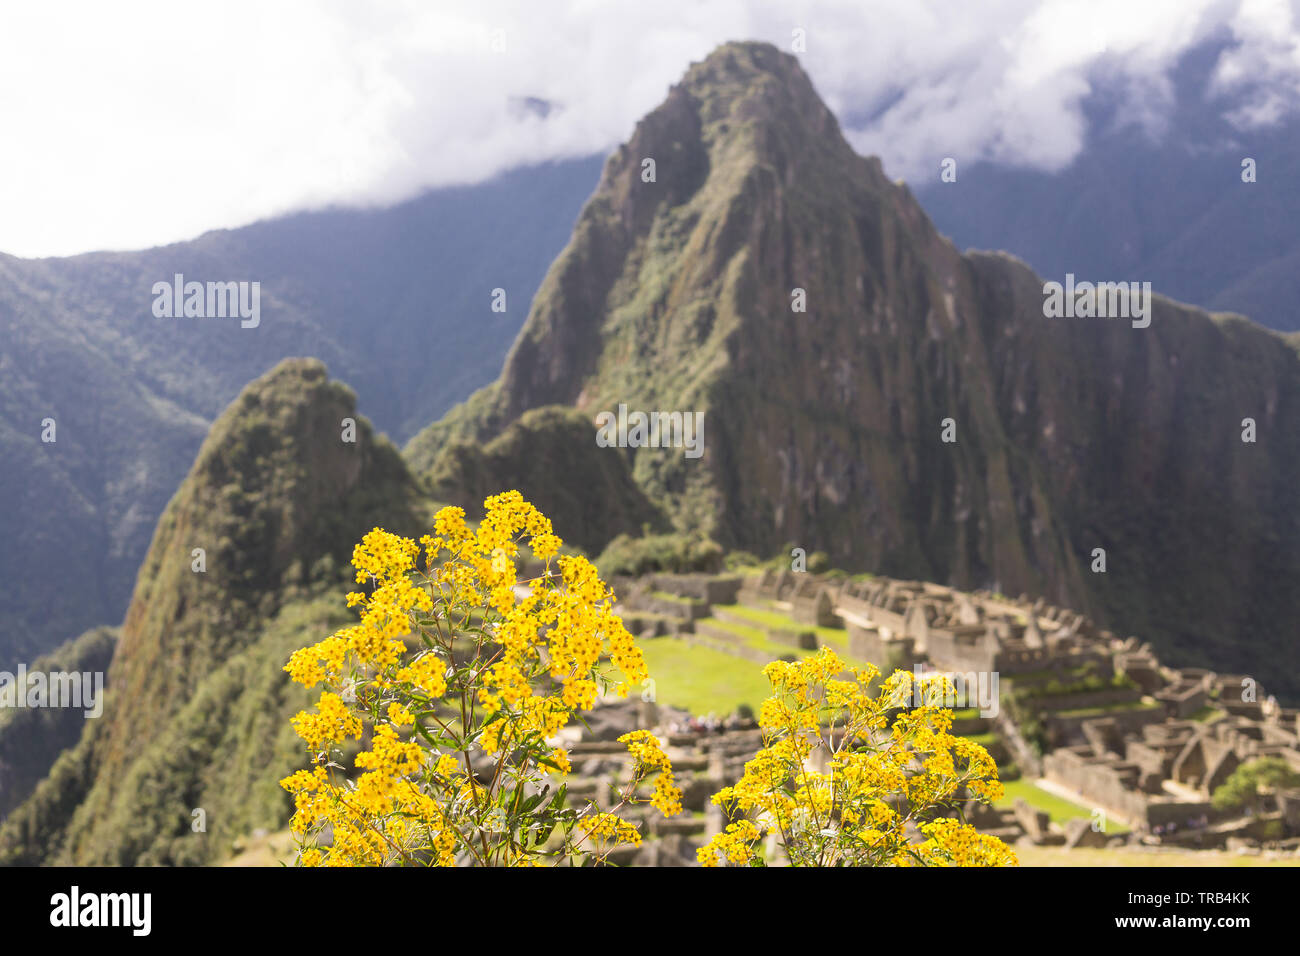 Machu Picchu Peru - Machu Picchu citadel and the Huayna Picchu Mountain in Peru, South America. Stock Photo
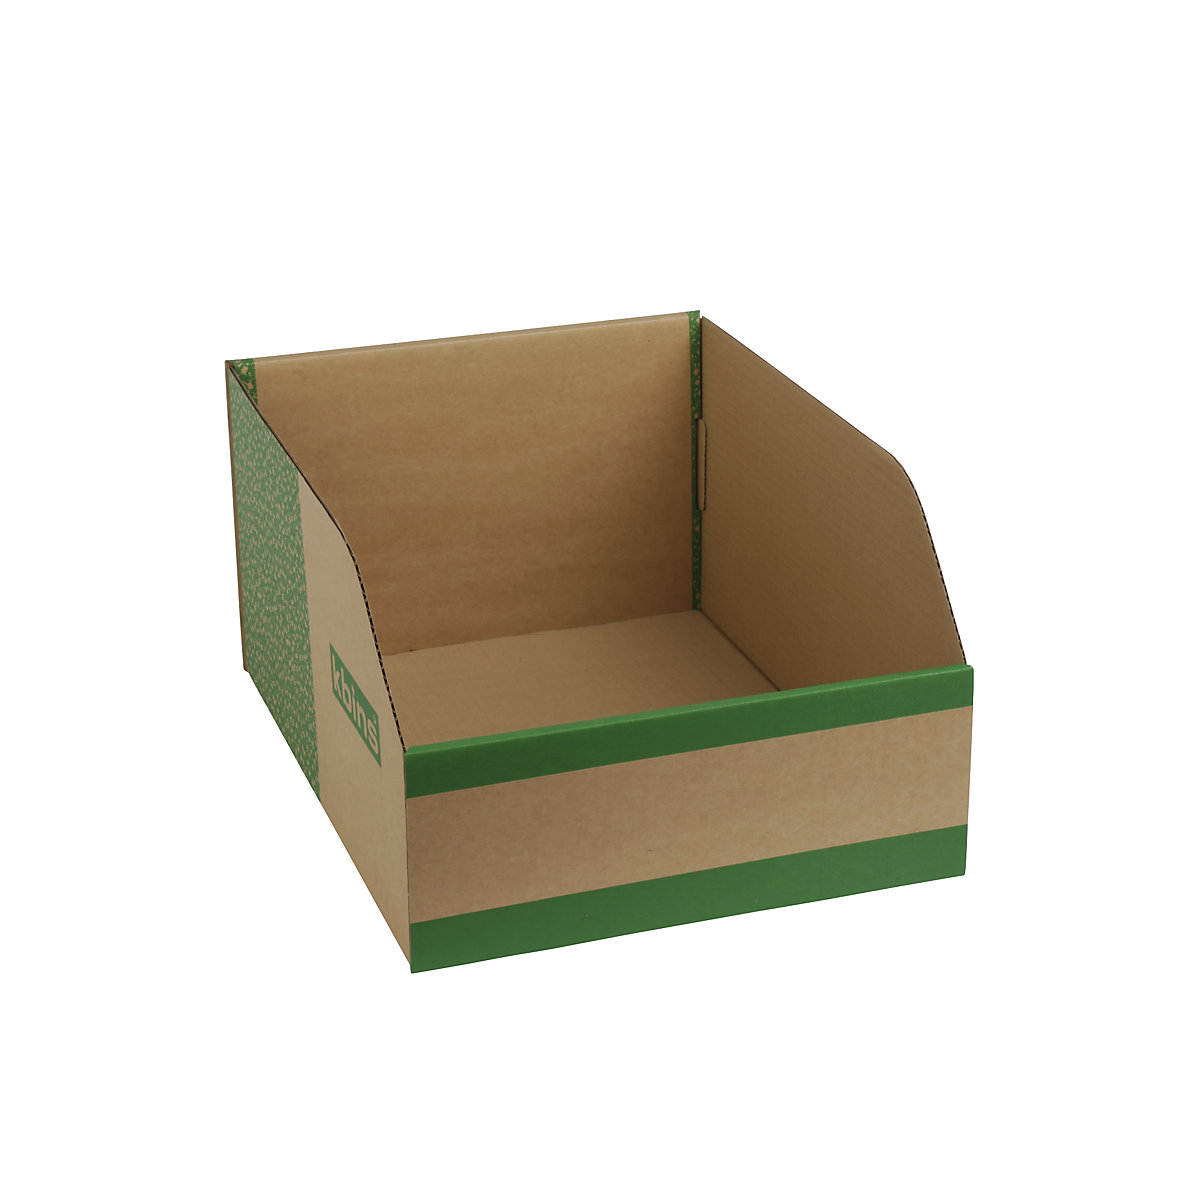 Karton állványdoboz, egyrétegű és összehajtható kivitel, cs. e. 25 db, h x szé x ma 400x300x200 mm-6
:::
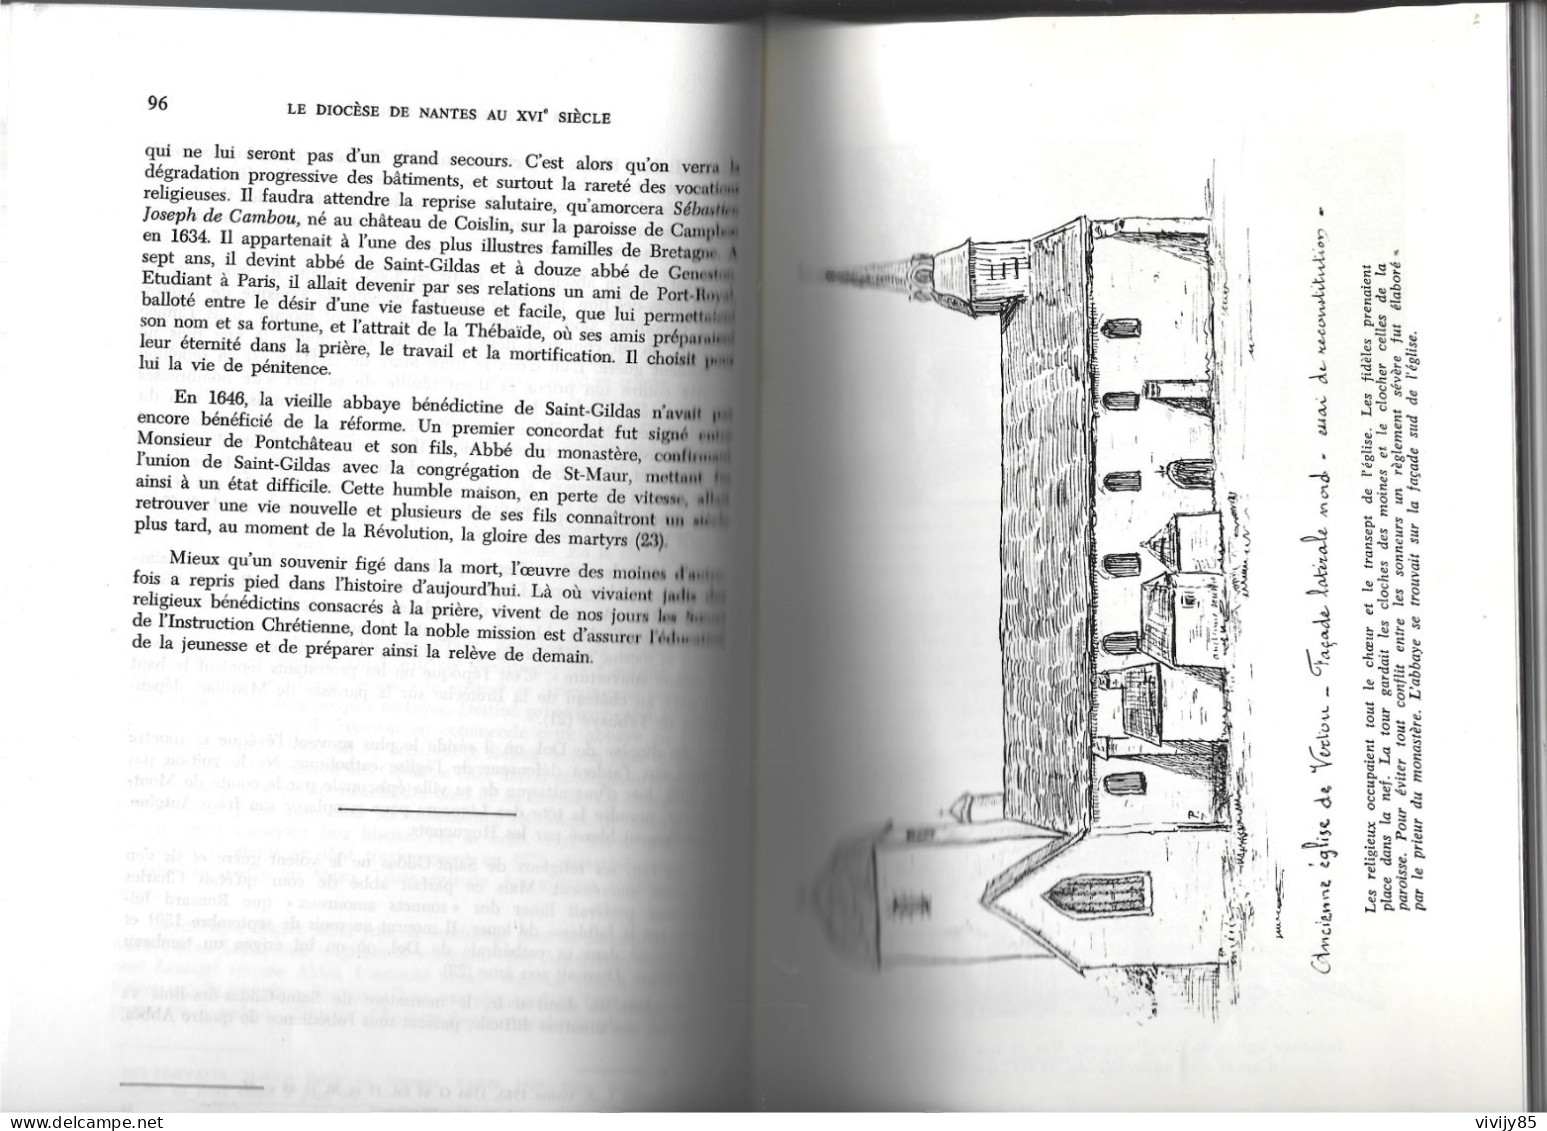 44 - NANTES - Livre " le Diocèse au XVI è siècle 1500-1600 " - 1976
:::
# [ASSIGNMENT]
In the records above, find the line with "Machu Picchu Peru" and the line with "Karton állványdoboz, egyrétegű"; please transcribe exactly those two lines and all lines between them, omitting any picture.

# [PROBLEM SOLUTION]
 Machu Picchu Peru - Machu Picchu citadel and the Huayna Picchu Mountain in Peru, South America. Stock Photo
 Karton állványdoboz, egyrétegű és összehajtható kivitel, cs. e. 25 db, h x szé x ma 400x300x200 mm-6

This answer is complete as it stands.